Planetary Motions, Egyptian Unit Fractions and the Fibonacci Series
(c) 1985 George R. Douglas, Jr.

It was well known among the ancients there were a few bodies that moved about the stars and these were called 'planets' or 'wanderers'.

According to the Soviet Encyclopedia, records of astronomical and meteorological observations stimulated the development of astrology, not until the first millennium B.C., and astronomy, between the fourth and first millennia B.C. The planets were identified and, unlike the fixed stars which were compared to calmly grazing sheep, planets were called 'bibba,' or 'goats.' Each planet was given its own special name, except Mercury which was called bibbu, that is, "planet". Venus was called Dilbat; Jupiter, Mulubabbar ("star-sun"); Mars, Zalbatanu; and Saturn, Kaimanu. It was at that time that the movements of the planets began to be observed. Specifically, texts devoted to the movements of Venus are extant. [1]

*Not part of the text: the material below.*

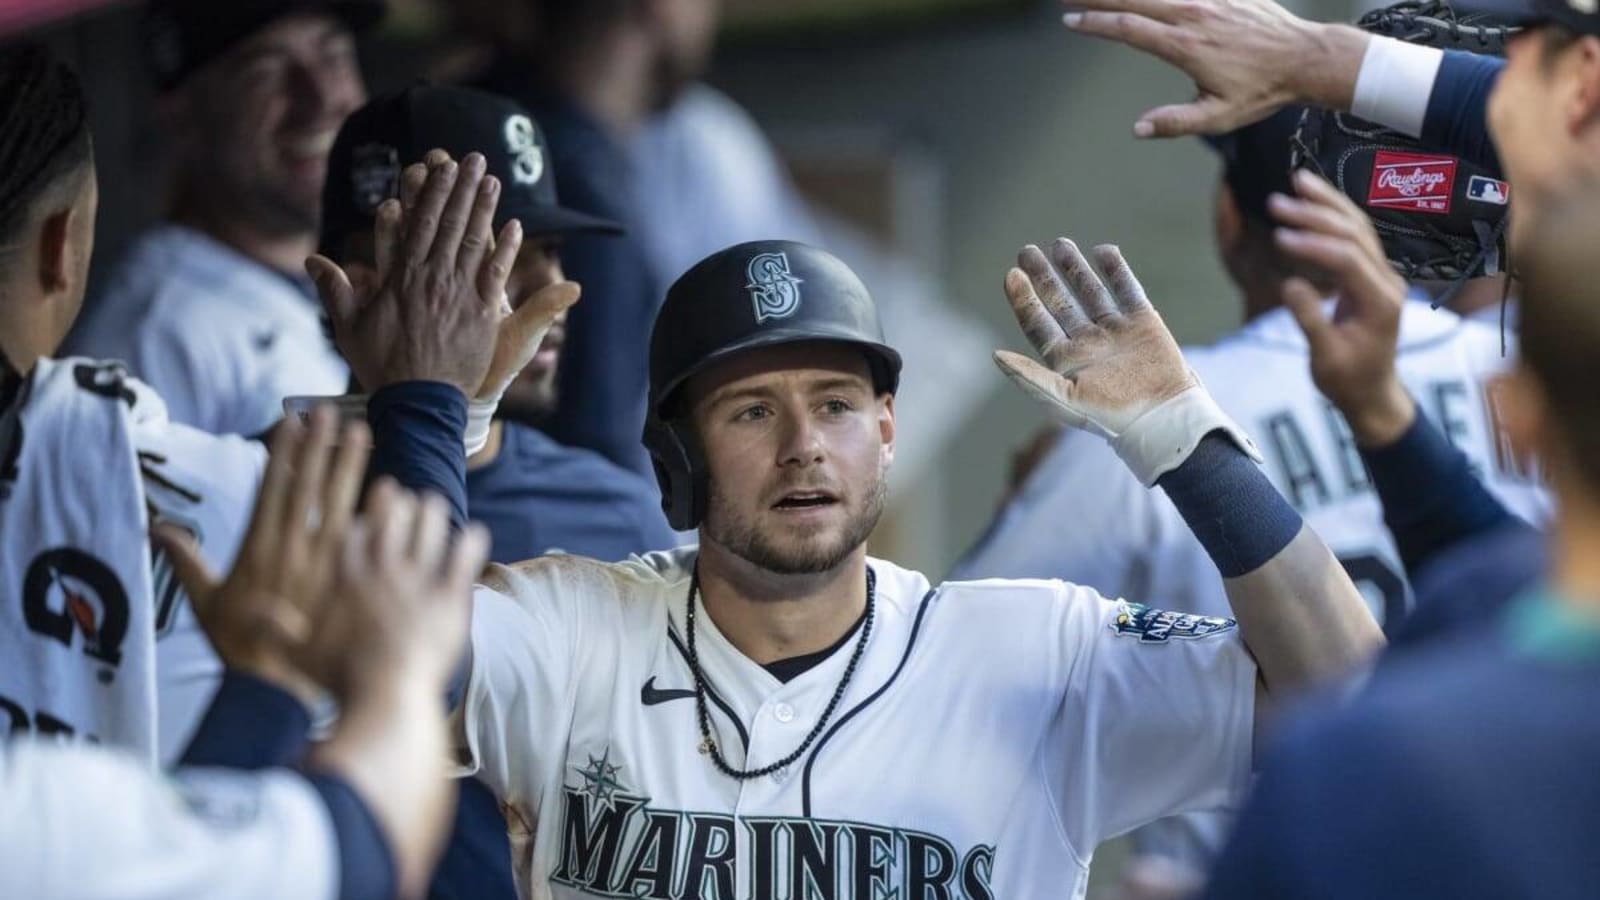 Seattle Mariners Fans Go Viral For Singing 'Country Roads' on Monday Night

An actual period of a planet's revolution around the Sun is called the sidereal period. As seen from the Sun, a planet will again be in the same position relative to the stars after one sidereal period. The time between successive conjunctions of a planet with the Sun, as seen from the Earth, is called a synodic period. Thus,

1/P - 1/E - 1/S = 0, Eq.(1)

where P is the sidereal period of the planet, E is the sidereal period of the Earth and S is the planets synodic period.[2] Equation (1) may be referred to as a synodic equation and it is an equation comprised of unit fractions.

Egyptians were extensively manipulators of unit fractions, fractions which solely possessed a unit numerator, or if not, possessed methods or tables that reduced nonunitary fractions to sets of unit fractions.[3]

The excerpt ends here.